Aim of the task: From the line below containing "Universal Fuel Hose [5/16 in. I.D. x 25" to the final line, print each line exactly as written. No pictures belong in the copy.

Information shown:
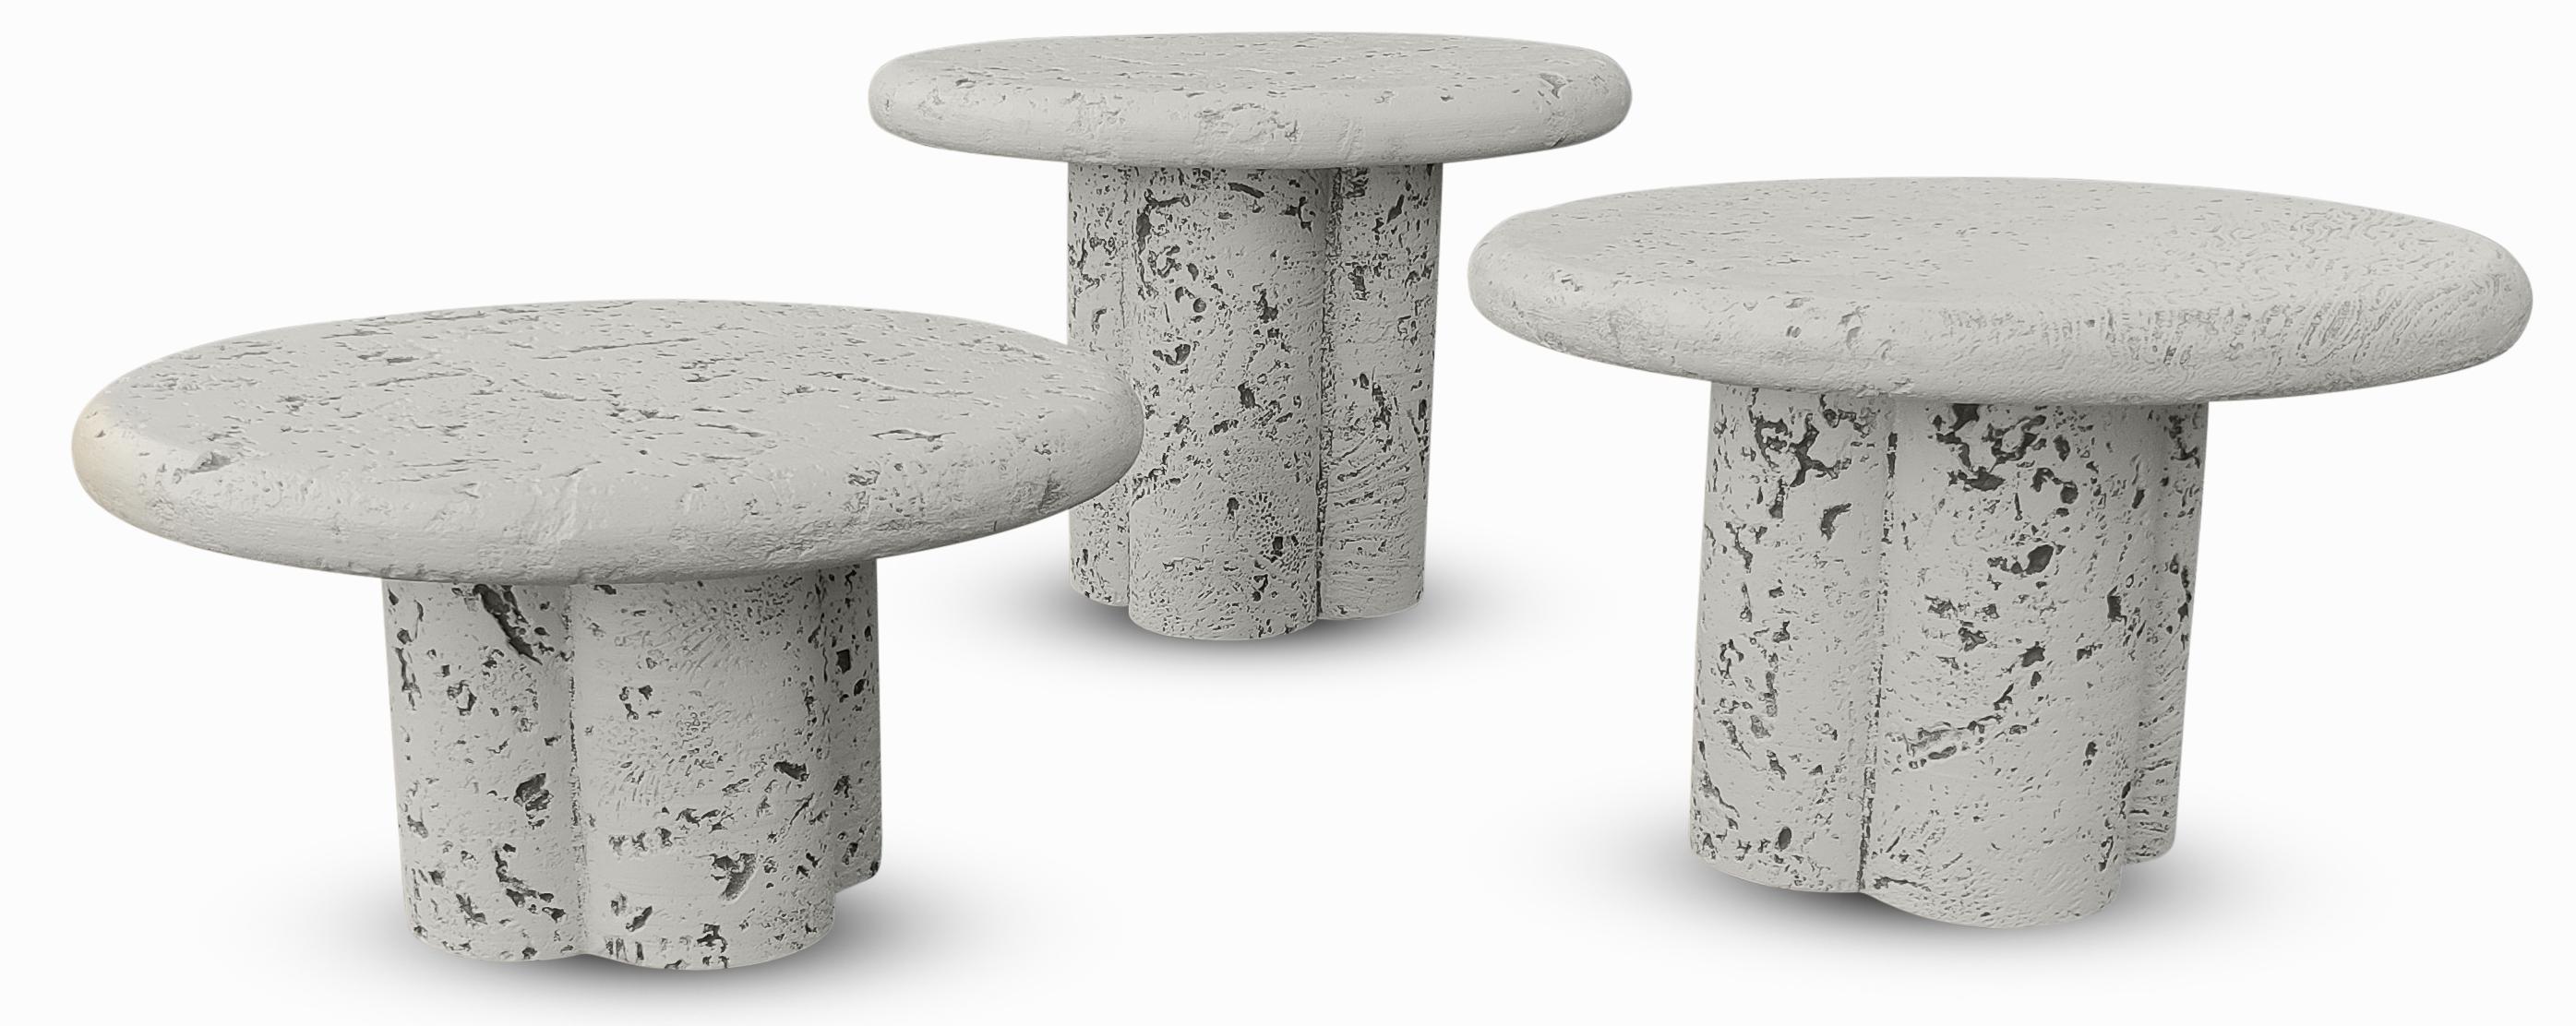 A very cool set of three Post-Modern, Faux Coral or Fossil Stone, composition made, round nesting tables. Made and retailed by Maurice Villency in the late 1970s or early 80s, this set of tables is fresh from the upscale original home in Larchmont
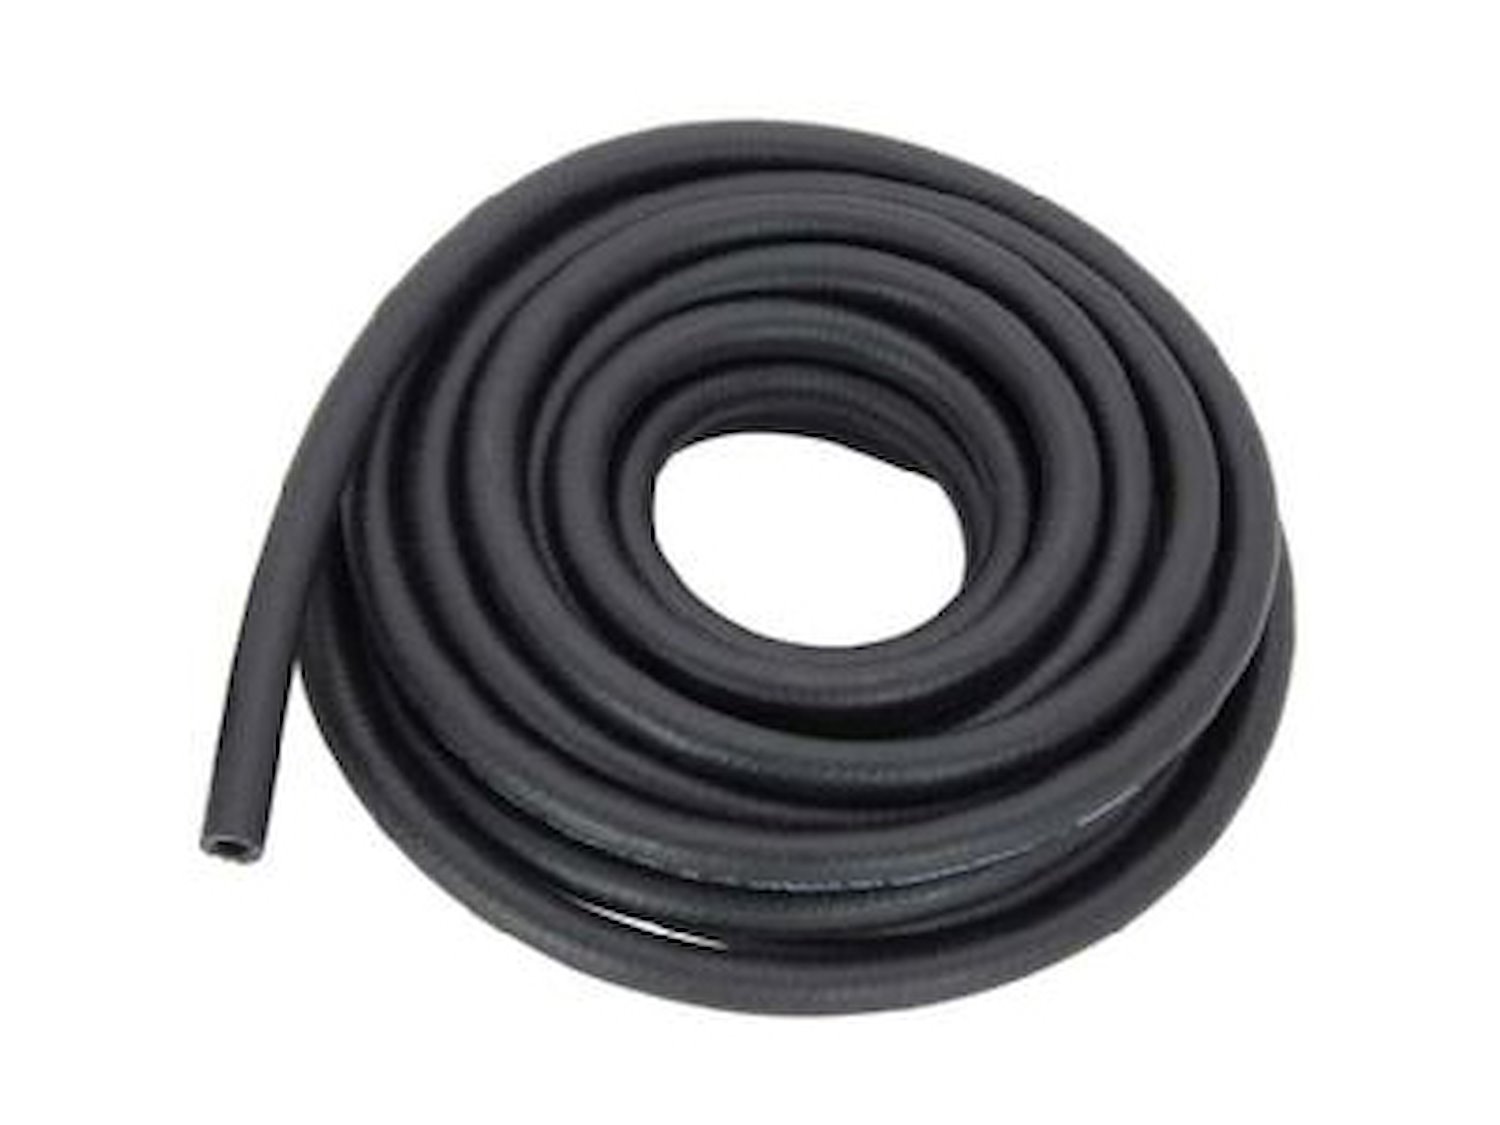 Universal Fuel Hose [5/16 in. I.D. x 25
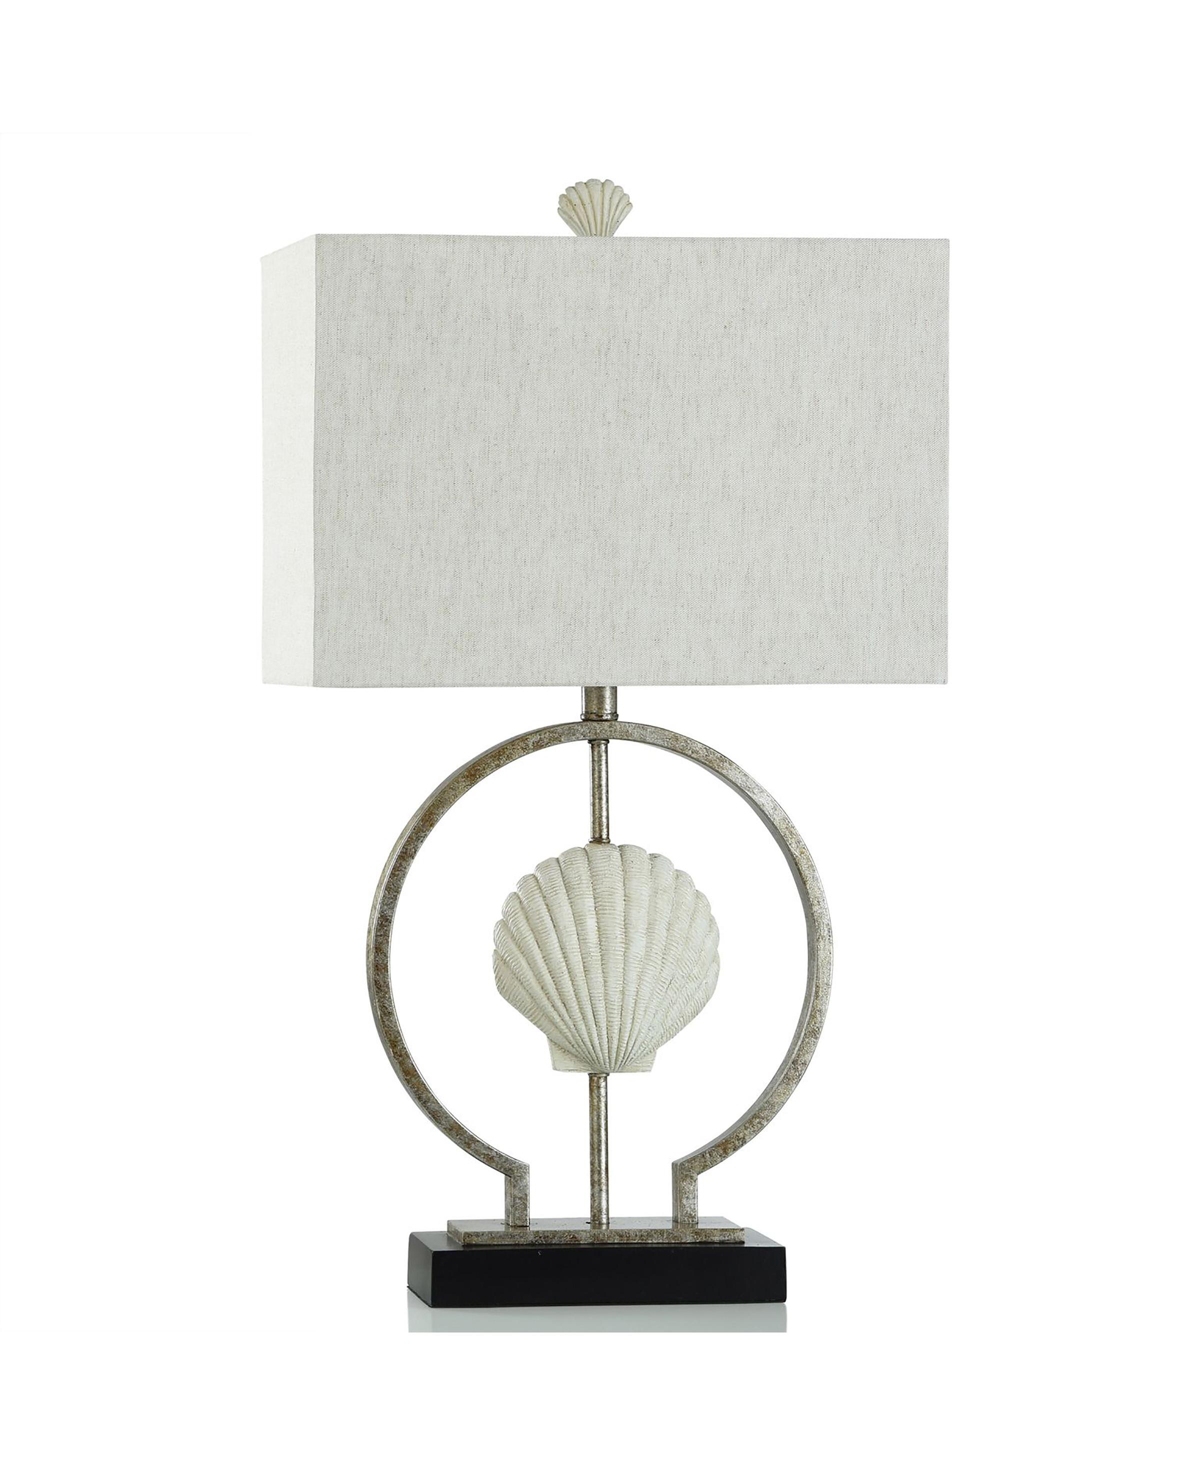 Stylecraft Home Collection 30.25" Aleutian Style Floated Seashell Rustic Coastal Table Lamp In Distressed Metal,cream,black Steel
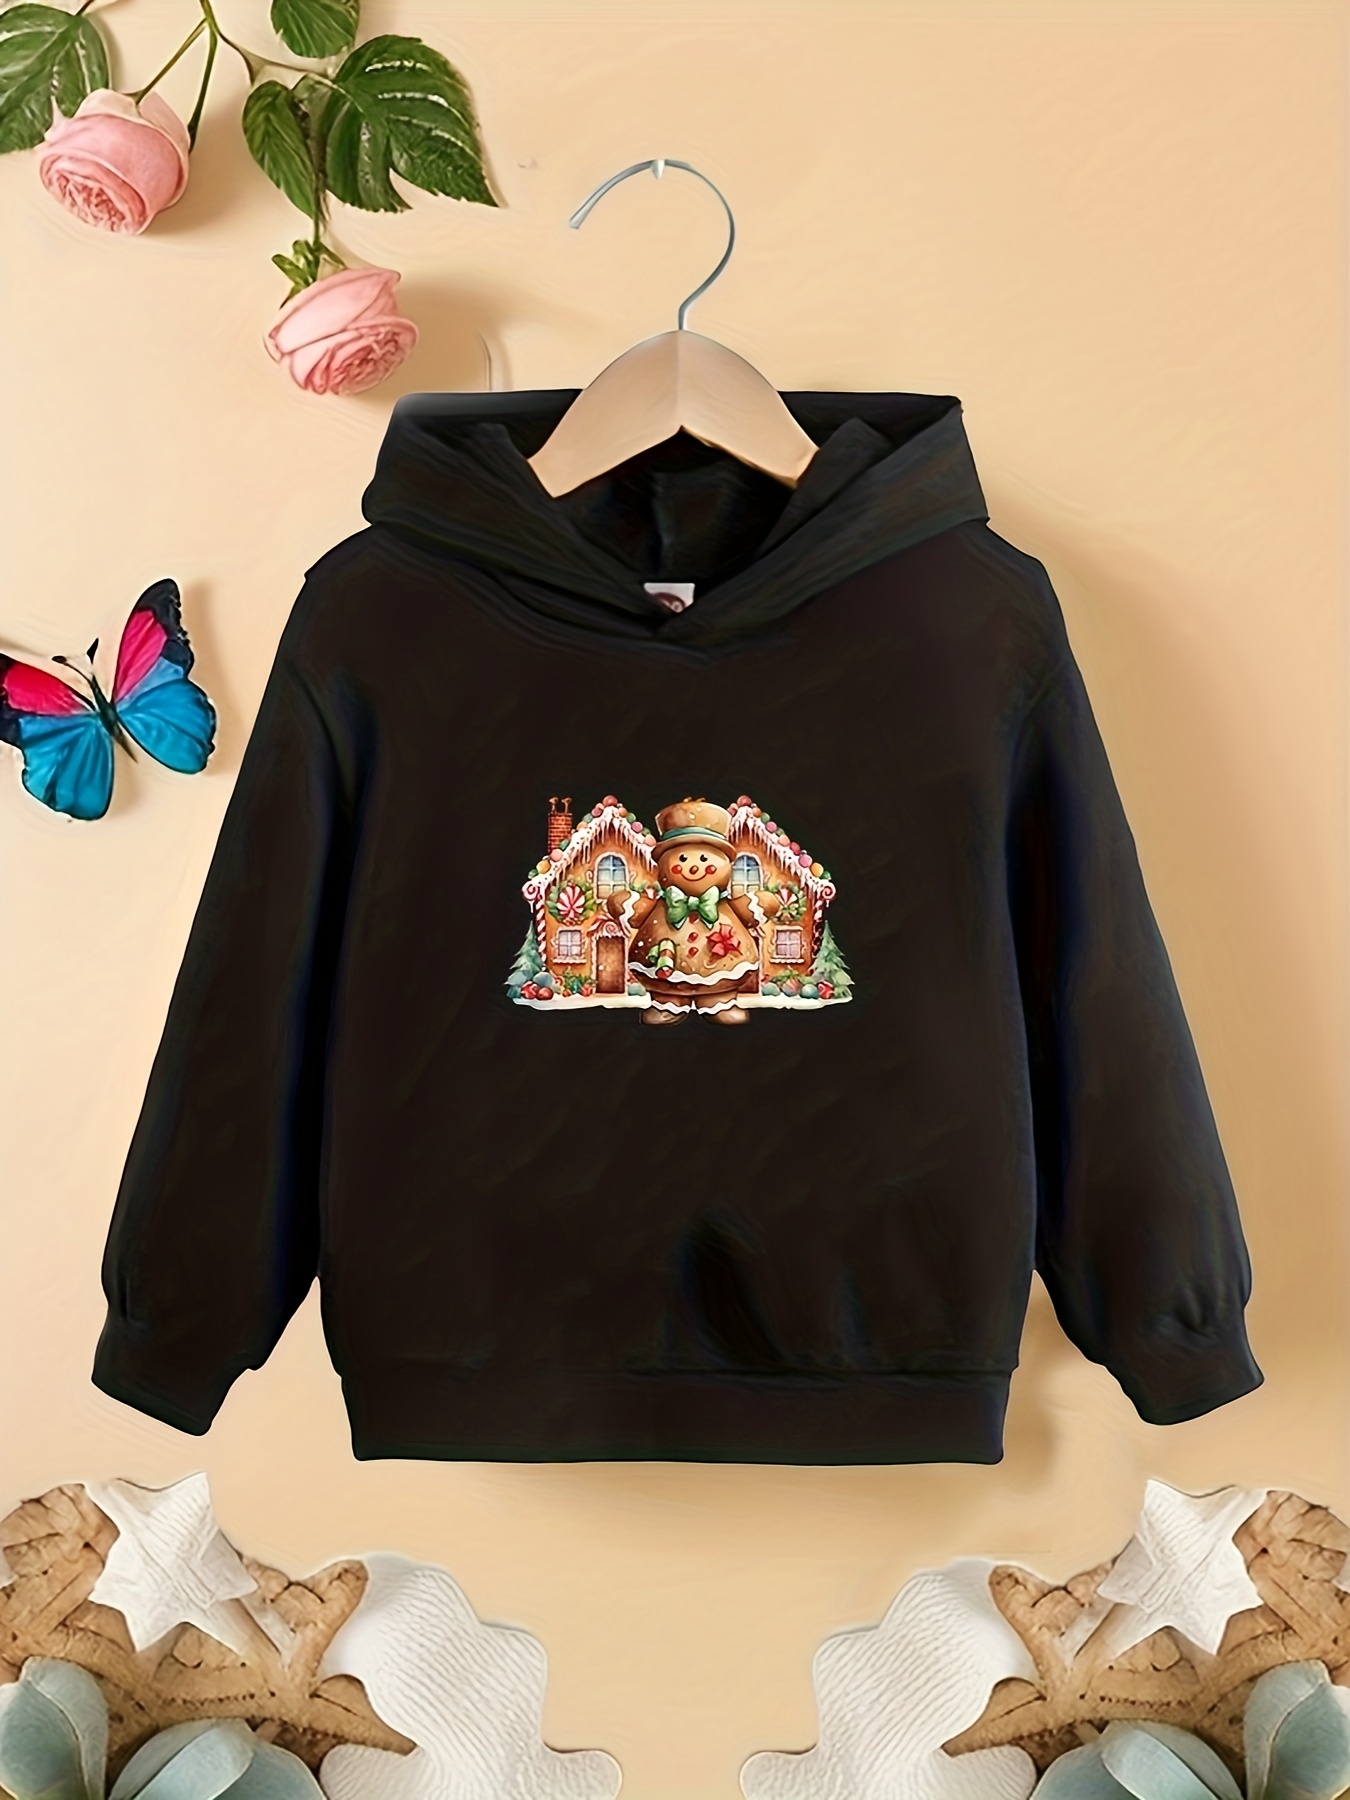  Women's Hoodies Cute Soft Casual Hooded Pullovers

Task solution:
 Universal Fuel Hose [5/16 in. I.D. x 25
 Stylecraft Home Collection 30.25" Aleutian Style Floated Seashell Rustic Coastal Table Lamp In Distressed Metal,cream,black Steel
  Women's Hoodies Cute Soft Casual Hooded Pullovers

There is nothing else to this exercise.